Step-by-step solution

(a) Definition of an Ideal Solution

An ideal solution is a solution in which the interaction between the solute and solvent molecules is the same as that between the solute-solute and solvent-solvent molecules. In an ideal solution, the vapor pressure of the solvent over the solution is proportional to its mole fraction in the solution, following Raoult's law.

(b) Applying Raoult's Law

Step 1: Calculate the mole fraction of water and ethylene glycol The problem states that there are equal numbers of moles of water and ethylene glycol in the solution. Let's denote the mole fraction of water as \(x_{H_2O}\) and the mole fraction of ethylene glycol as \(x_{EG}\). Since there are equal moles of both components: \[x_{H_2O} = x_{EG}\] The sum of mole fractions in any solution is always equal to 1: \[x_{H_2O} + x_{EG} = 1\] Since \(x_{H_2O} = x_{EG}\), we can deduce: \[2x_{H_2O} = 1\] \[x_{H_2O} = x_{EG} = 0.5\] Step 2: Apply Raoult's Law and calculate the theoretical vapor pressure We are given the vapor pressure of pure water at \(60^{\circ}\mathrm{C}\) as 149 torr.
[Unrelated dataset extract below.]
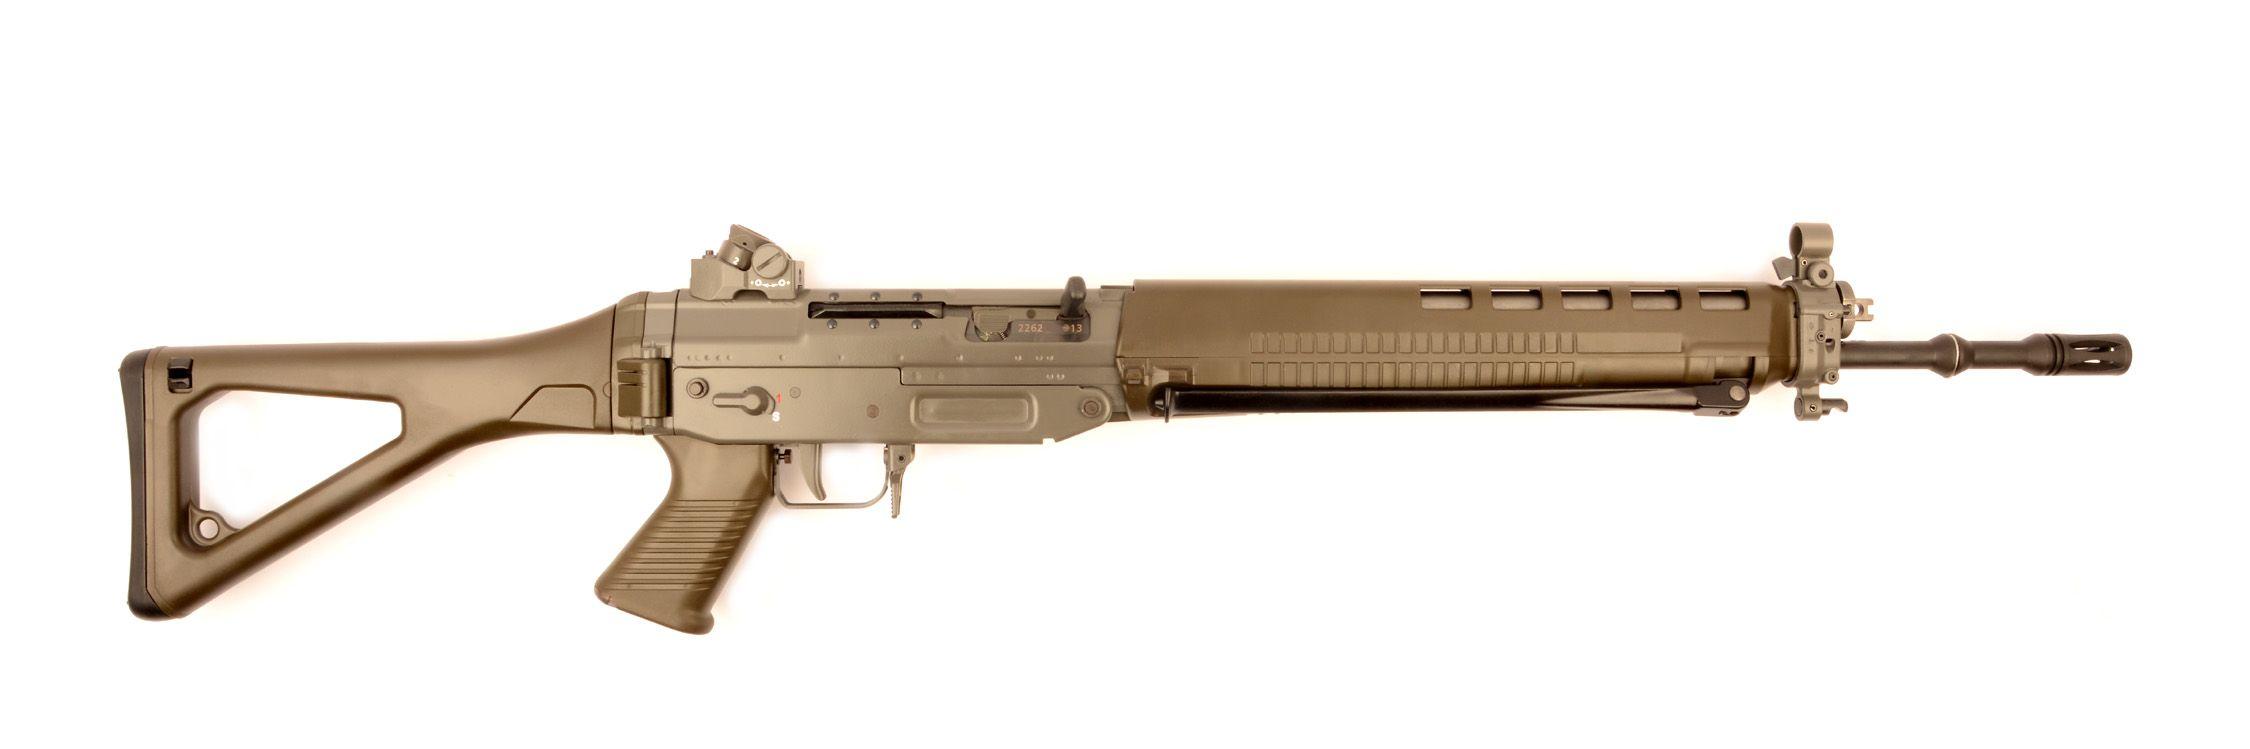 remington 550 1 manual pdf
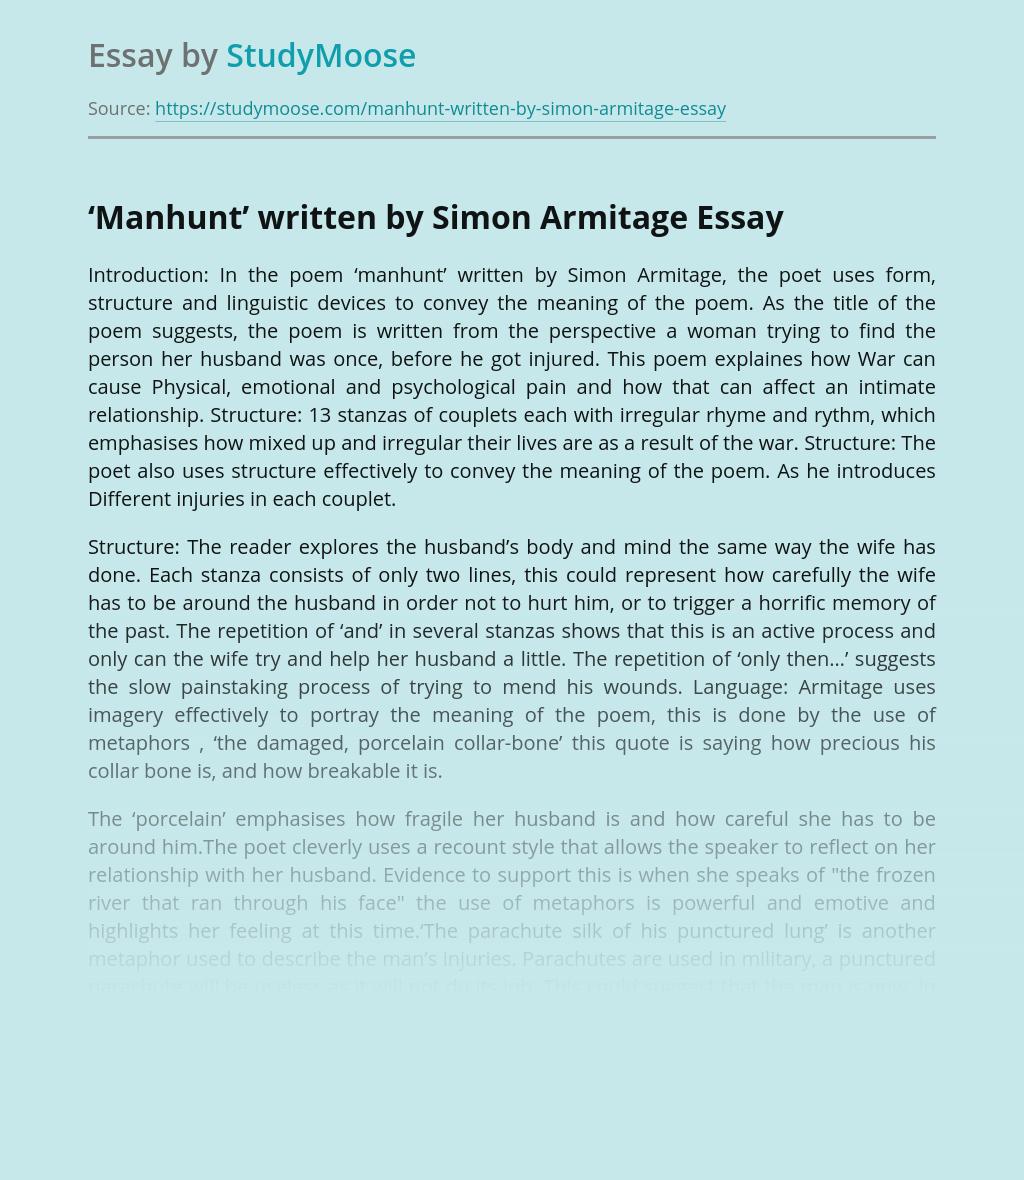 'Manhunt' written by Simon Armitage

Using Raoult's law, we can calculate the vapor pressure of water in the solution (\(P_{H_2O}\)): \[P_{H_2O} = x_{H_2O} \cdot P^{\circ}_{H_2O}\] Where \(P^{\circ}_{H_2O}\) is the vapor pressure of pure water at the given temperature. \[P_{H_2O} = 0.5 * 149 \, \mathrm{torr}\] \[P_{H_2O} = 74.5 \, \mathrm{torr}\] Step 3: Compare the theoretical vapor pressure with the given vapor pressure We calculated the theoretical vapor pressure of water in the solution as 74.5 torr, using Raoult's law, while the given vapor pressure of water is 67 torr. Since these values are not equal, the solution does not follow Raoult's law, and thus, it is not an ideal solution.